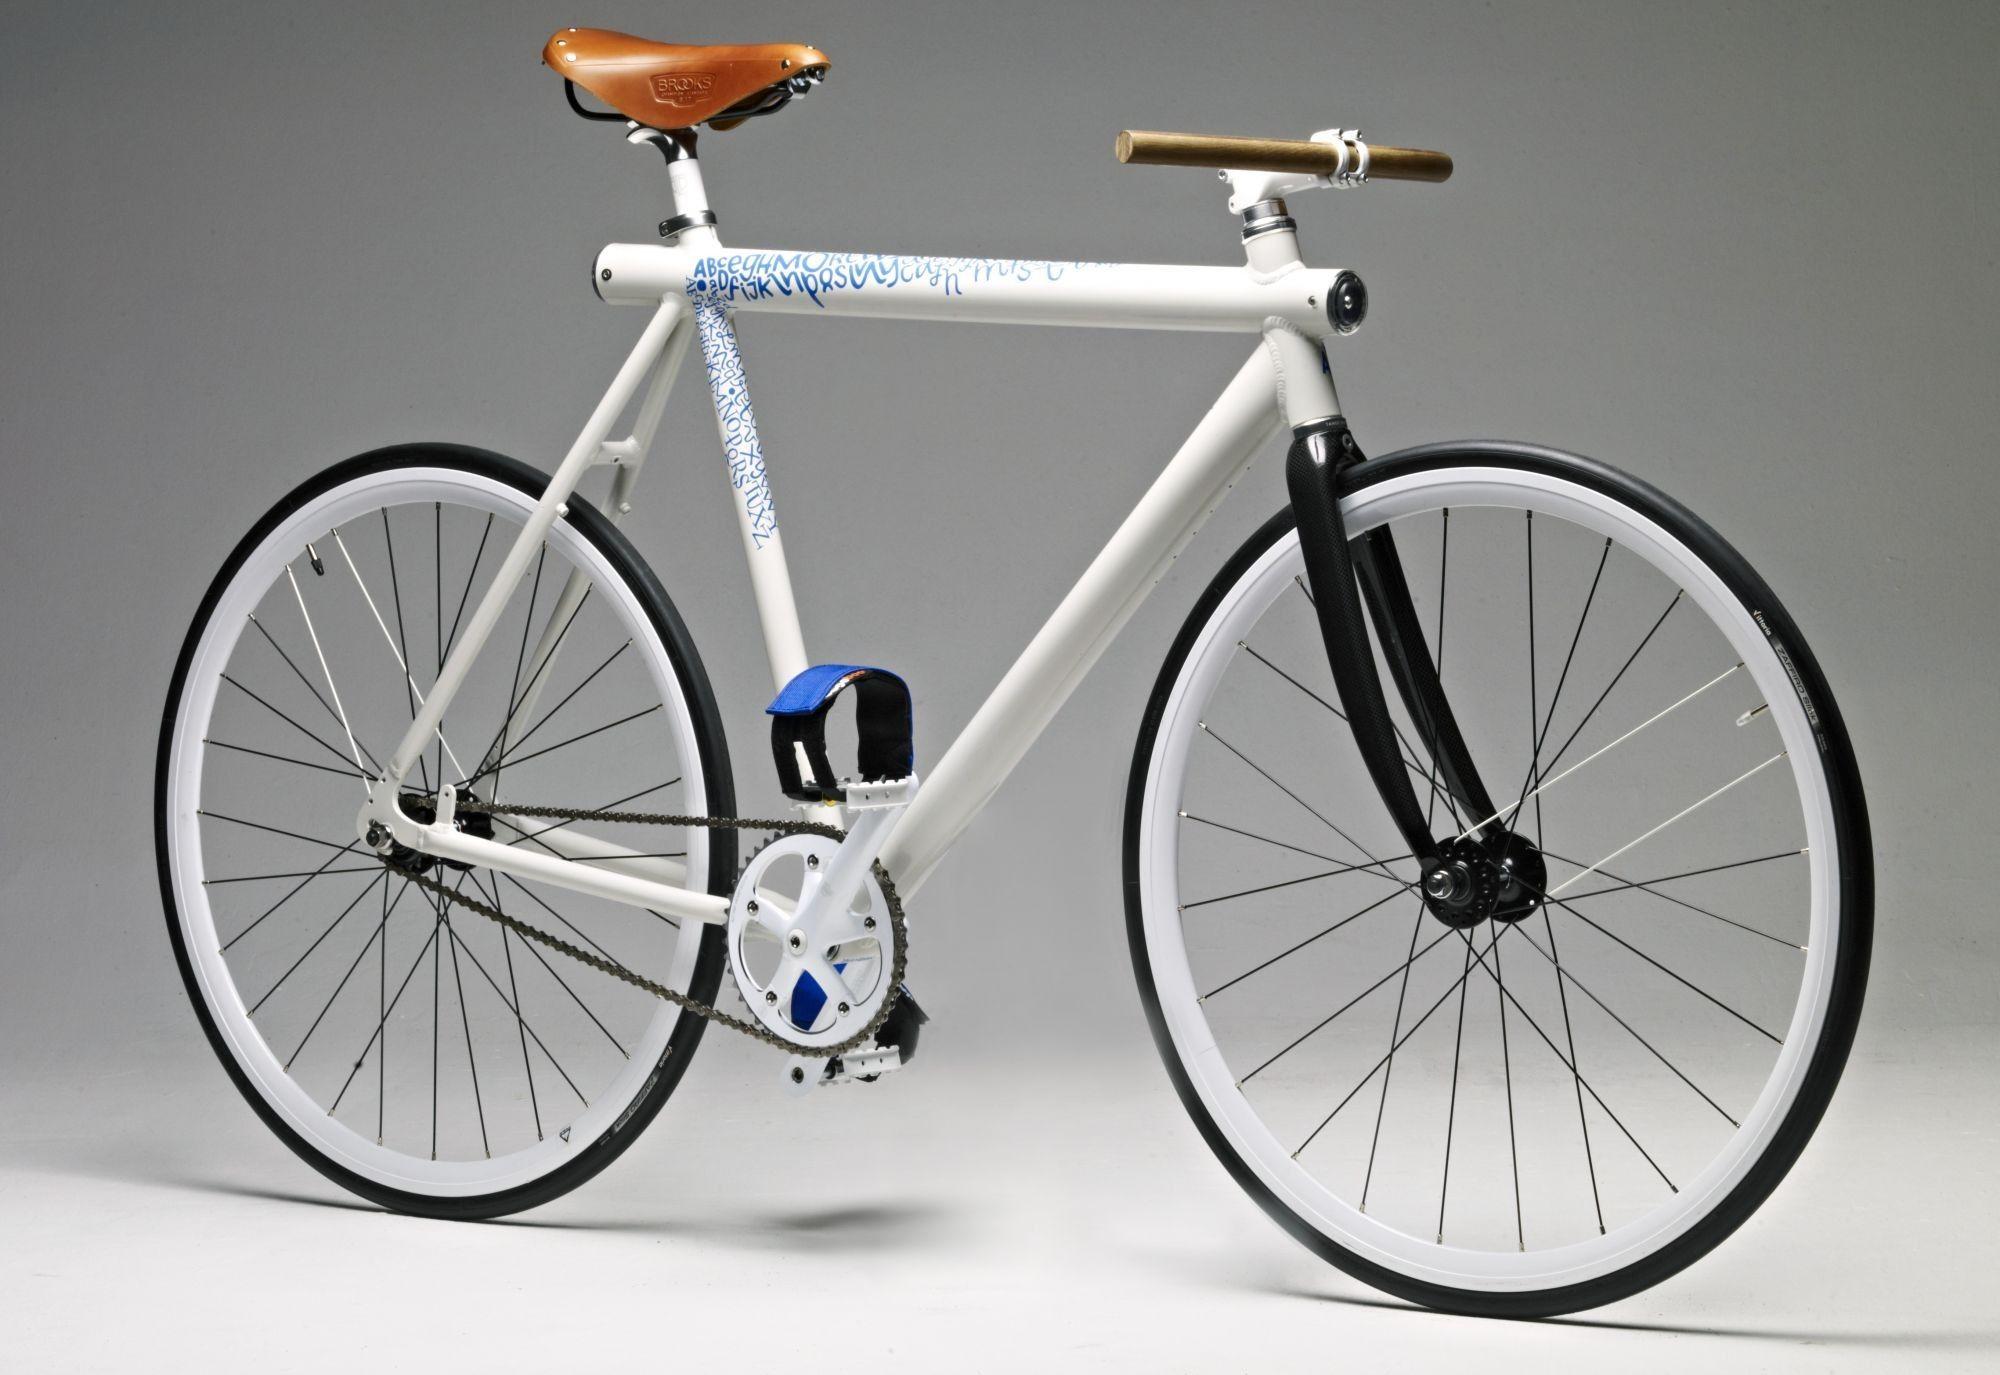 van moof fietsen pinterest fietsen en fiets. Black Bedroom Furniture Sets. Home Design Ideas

# # #

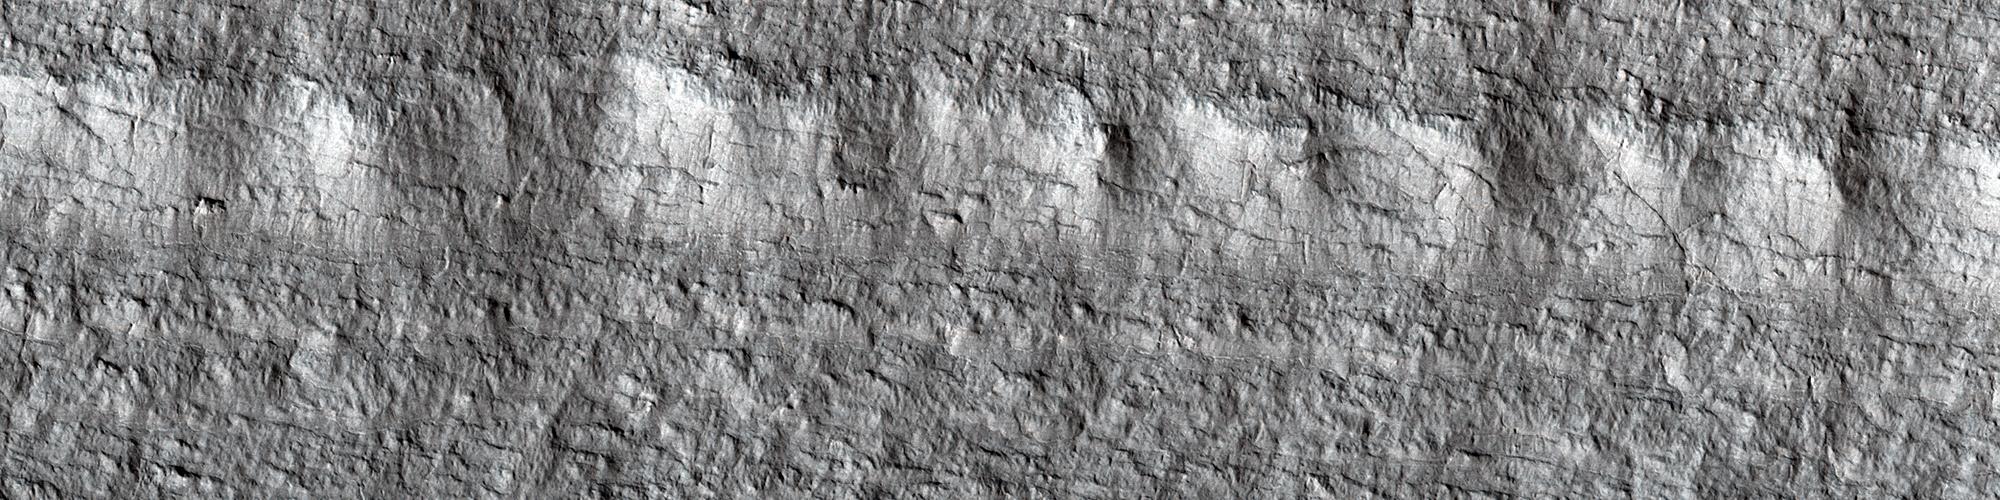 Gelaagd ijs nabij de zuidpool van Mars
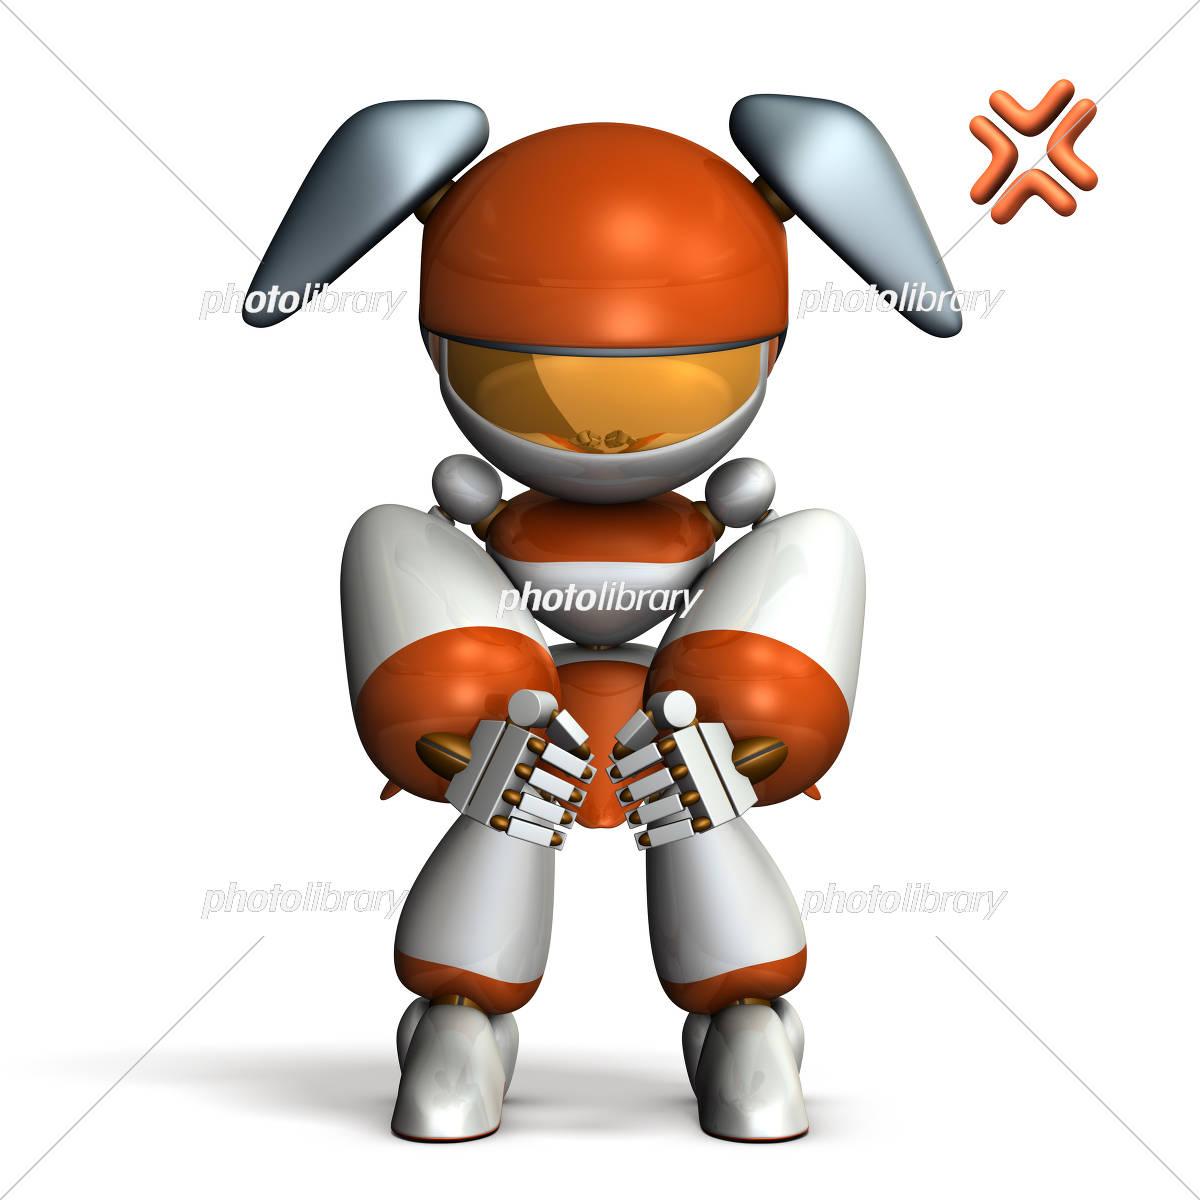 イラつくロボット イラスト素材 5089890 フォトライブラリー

# # #

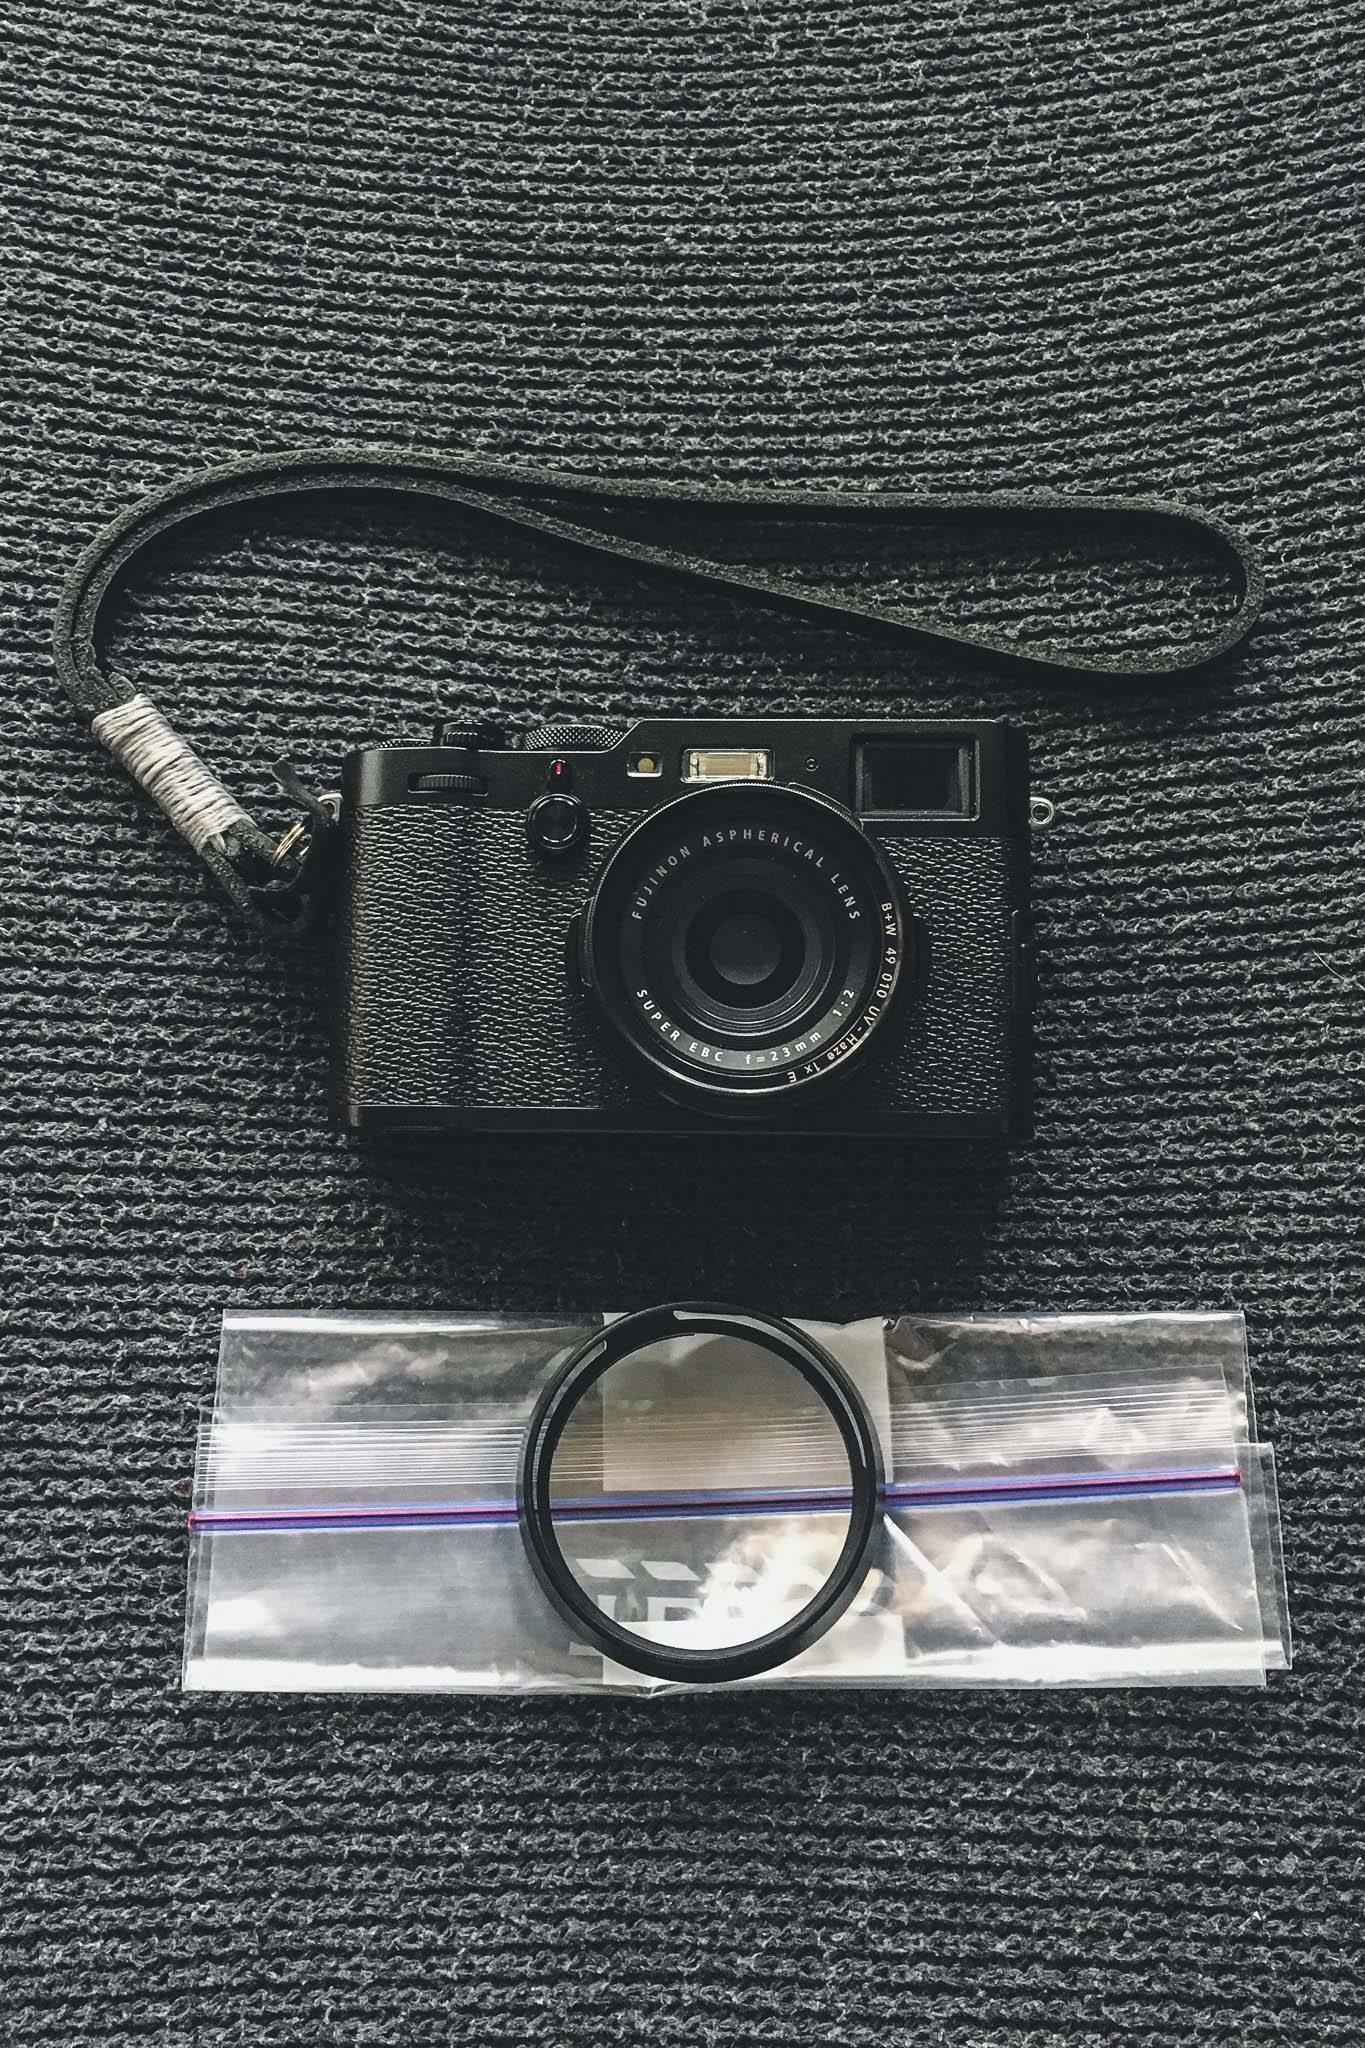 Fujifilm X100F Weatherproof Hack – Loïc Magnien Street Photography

# # #

Output should consist of the lines above from the one with "Gelaagd ijs nabij de zuidpool van Mars" down to the one with "イラつくロボット イラスト素材 5089890 フォトライブラリー", exact and without pictures.

 Gelaagd ijs nabij de zuidpool van Mars
 イラつくロボット イラスト素材 5089890 フォトライブラリー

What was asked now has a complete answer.